When working with Linux servers, it is often essential to monitor the disk space usage. One of the most common tasks is to find large files and directories that occupy too much disk space. To do this, we can use various command-line tools in Linux. In this tutorial, we will discuss some of the most effective methods for locating large files and directories, sorted by largest ones first.
3 Ways to Find Large Files and Directors in Linux
Method 1: Using the du Command
The du command is a popular Linux utility that helps to estimate file space usage. It can be used to display the sizes of individual files or directories on a Linux system. The following command shows the sizes of all directories in the current working directory:
$ du -sh *
Here, the -s
flag indicates that we want to display only the total size of each file or directory, and the -h
flag specifies that we want the output to be human-readable (in KB, MB, or GB).
However, this command will list the directories based on their alphabetical order. To display them sorted by size, we can pipe the output of the du
command to the sort
command, like this:
$ du -sh * | sort -rh
Here, the sort
command is used to sort the output in reverse numerical order (-r
flag) and human-readable format (-h
flag). The sort
command will show the largest files and directories at the top of the list.
Method 2: Using the find Command
The find
command is another powerful Linux utility that can be used to locate large files and directories on a Linux system. It is a versatile command that can search for files or directories based on various criteria, such as name, size, type, and time.

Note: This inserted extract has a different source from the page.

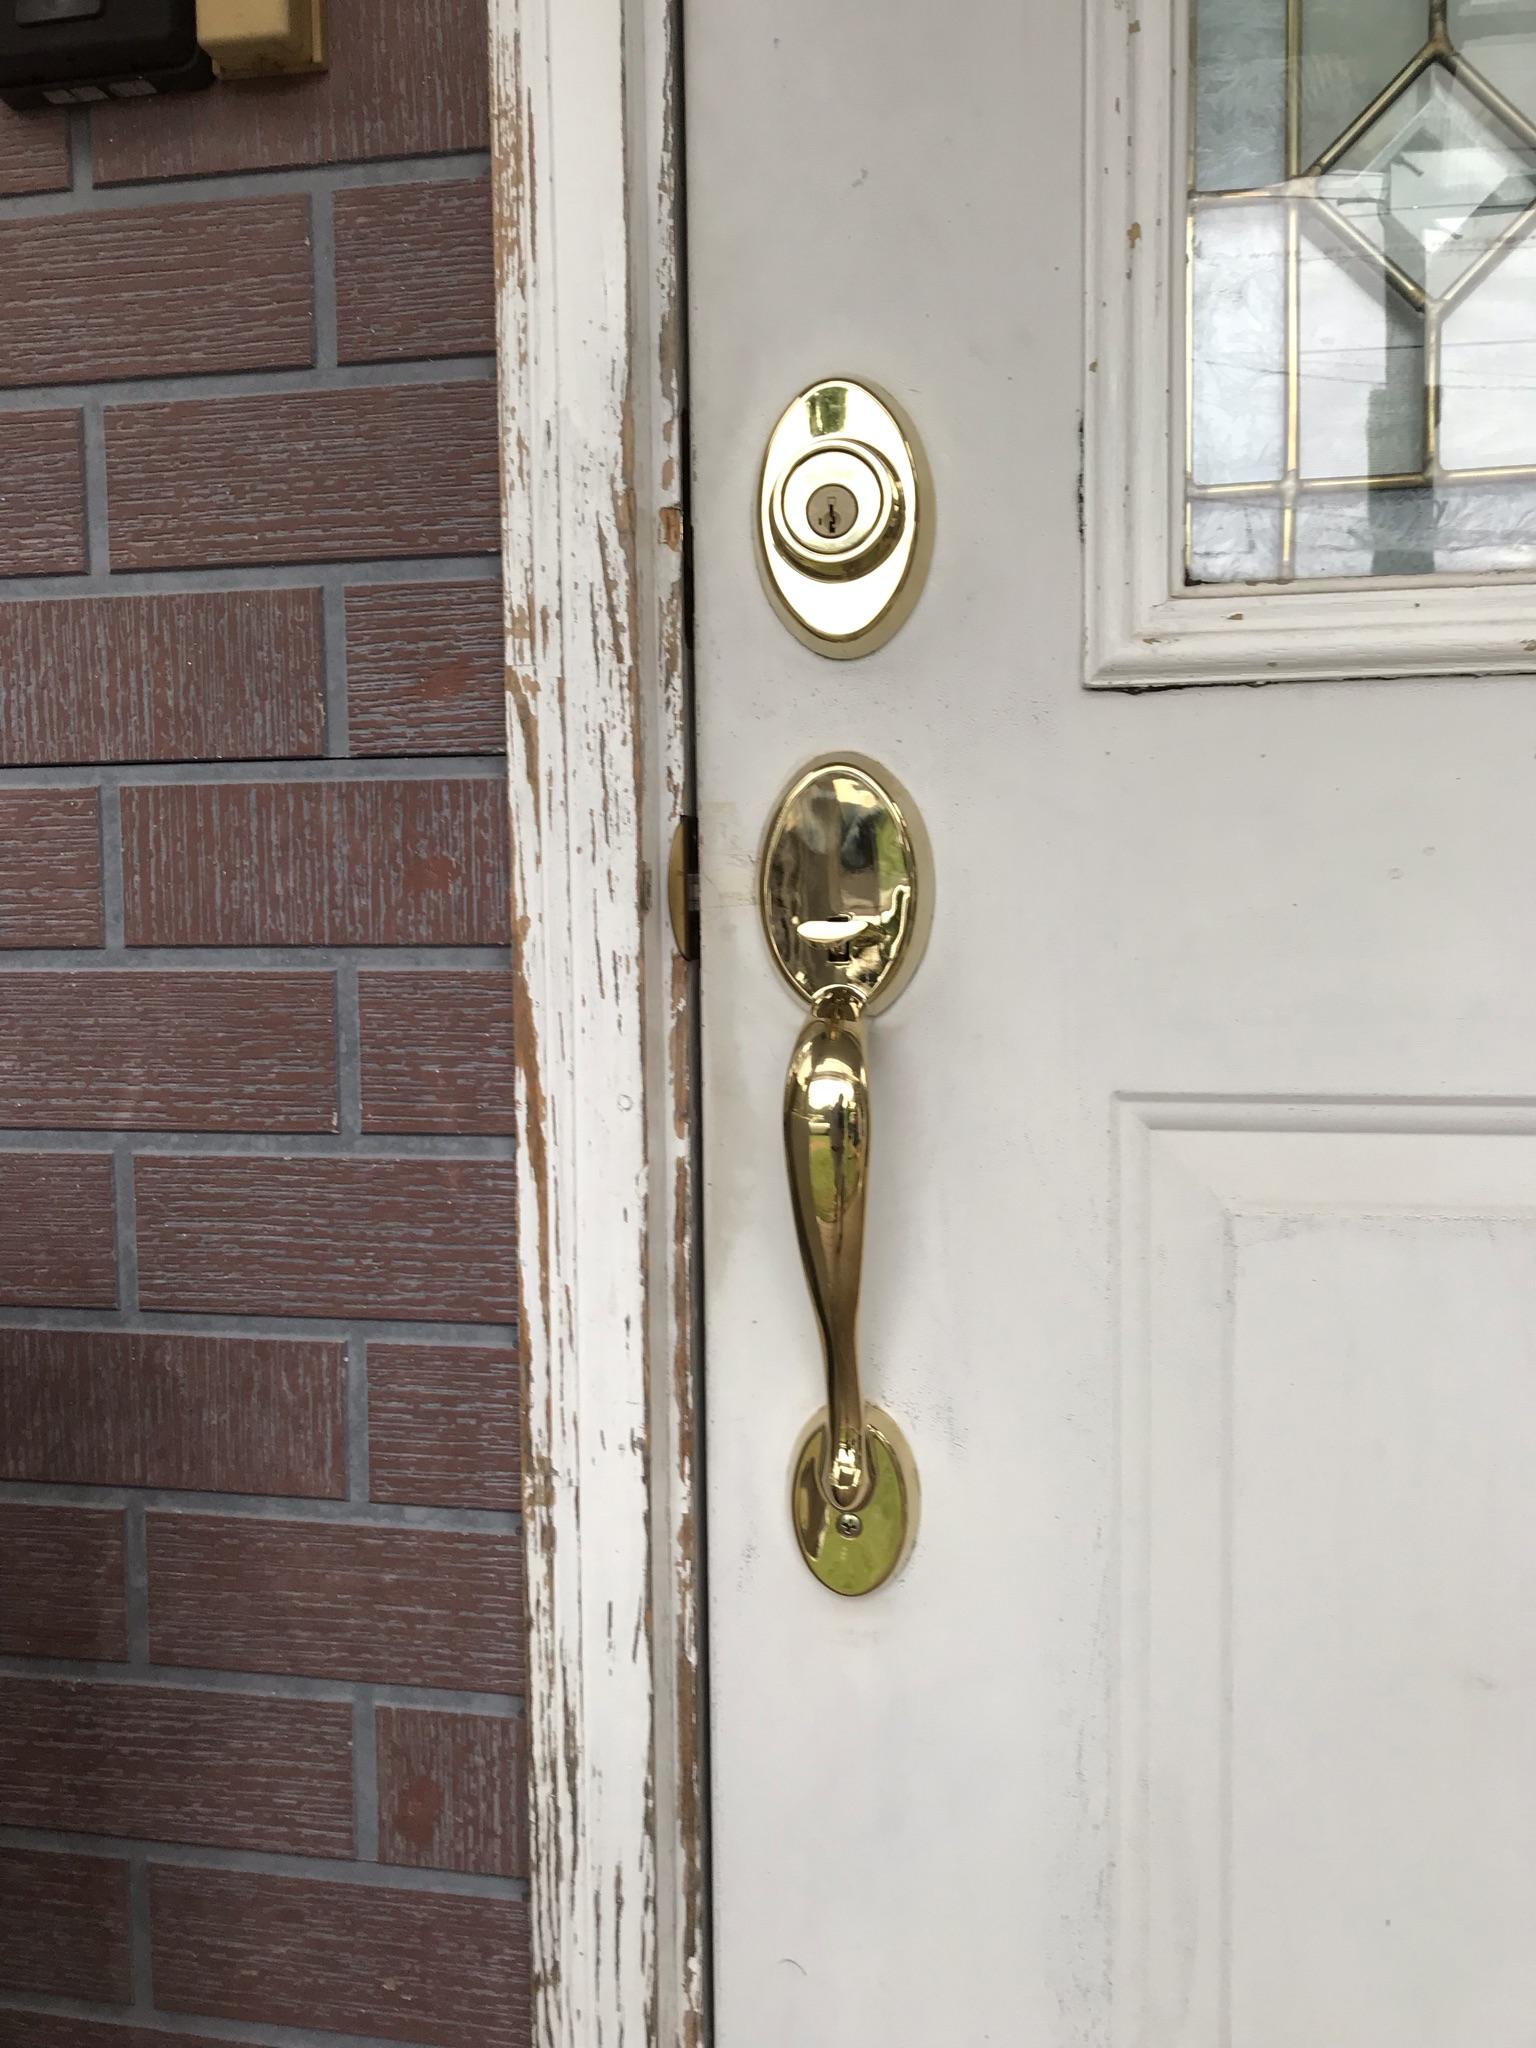 伊奈町輸入住宅全体メンテナンス工事で不具合の玄関ドア錠交換工事後外側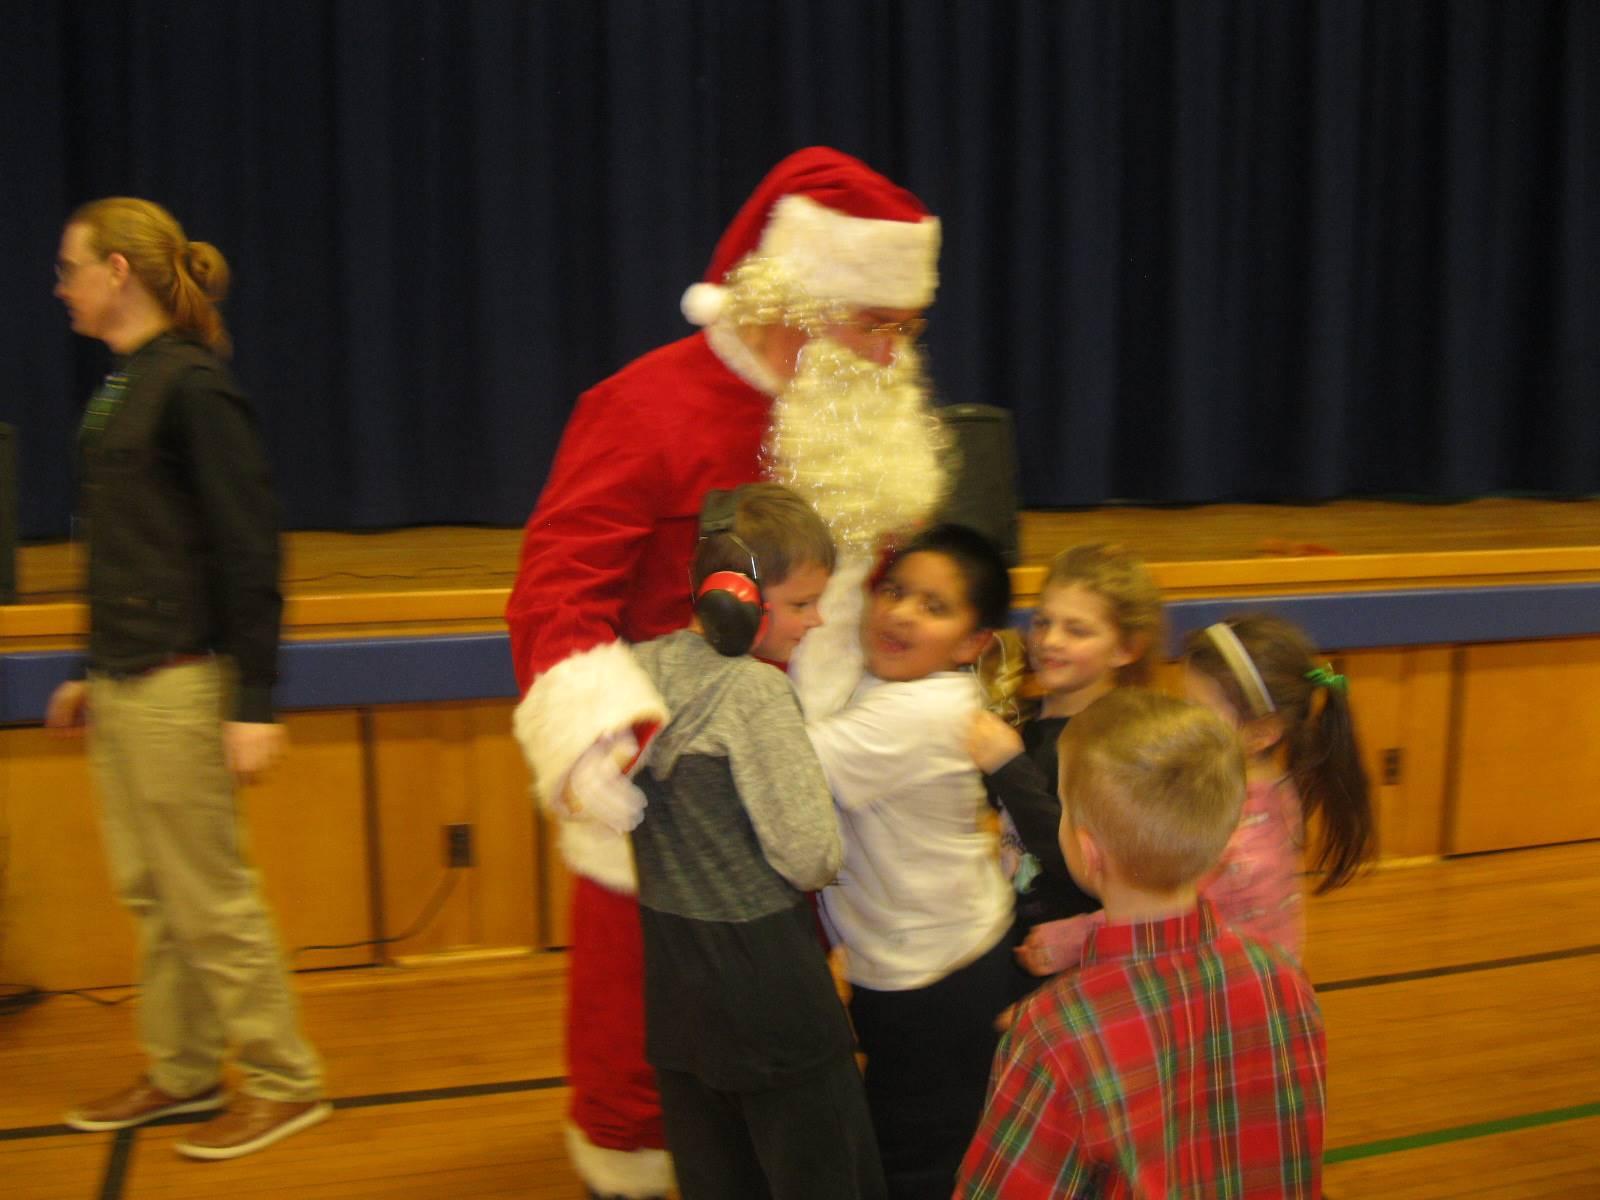 Santa gives 3 students a hug.

To find files and directories larger than a specific size, we can use the find
command with the -size
option. For example, to find all files larger than 100 MB in the current directory and its sub-directories, we can run this command:
$ find . -type f -size +100M -exec ls -lh {} \; | awk '{ print $5 ": " $NF }' | sort -n -r | head
Here, the .
specifies that we want to search in the current directory and its subdirectories. The -type f
option specifies that we only want to find files (not directories). The -size +100M
option indicates that we want to find files larger than 100 MB.
The ls -lh {} \;
command is used with the -exec
option to display the file details for each file found. The awk
command is then used to extract the file size and name from the output, separated by a colon.
Finally, the output is sorted by numerical order (-n
flag) and reverse order (-r
flag), and the first 10 largest files are displayed (head
command).
To find large directories rather than files, we need to modify the above command slightly. We can replace -type f
with -type d
to search for directories instead of files:
$ find . -type d -size +1G -exec du -sh {} \; | sort -rh
Here, we are searching for directories larger than 1 GB (-size +1G
). The du -sh {} \;
command is used with the -exec
option to display the total size of each directory found. The output is then sorted by size in reverse order (-r
and -h
flags).
Method 3: Using the ncdu Command
The ncdu command is a useful disk space analyzer tool that can help users monitor their disk usage and find large files and directories on their Linux servers. It offers an interactive text-based user interface that displays information on all files and directories.
To install ncdu on your Linux system, run the following command:
$ sudo apt-get install ncdu
Once installed, we can run the ncdu command to analyze the disk usage in a directory:
$ ncdu /path/to/directory
This will show a detailed list of all files and directories in the specified directory, sorted by size in descending order. The largest files and directories appear at the top of the list. We can use the arrow keys to navigate through the list and press Enter
to explore subdirectories.
Conclusion
In this tutorial, we have learned how to find large files and directories on a Linux server, sorted by largest ones first. We have explored various command-line tools, such as du, find, and ncdu, that can help us to monitor the disk space usage of our Linux systems. By using these tools, we can effectively manage the disk space of our servers and ensure that they are running optimally.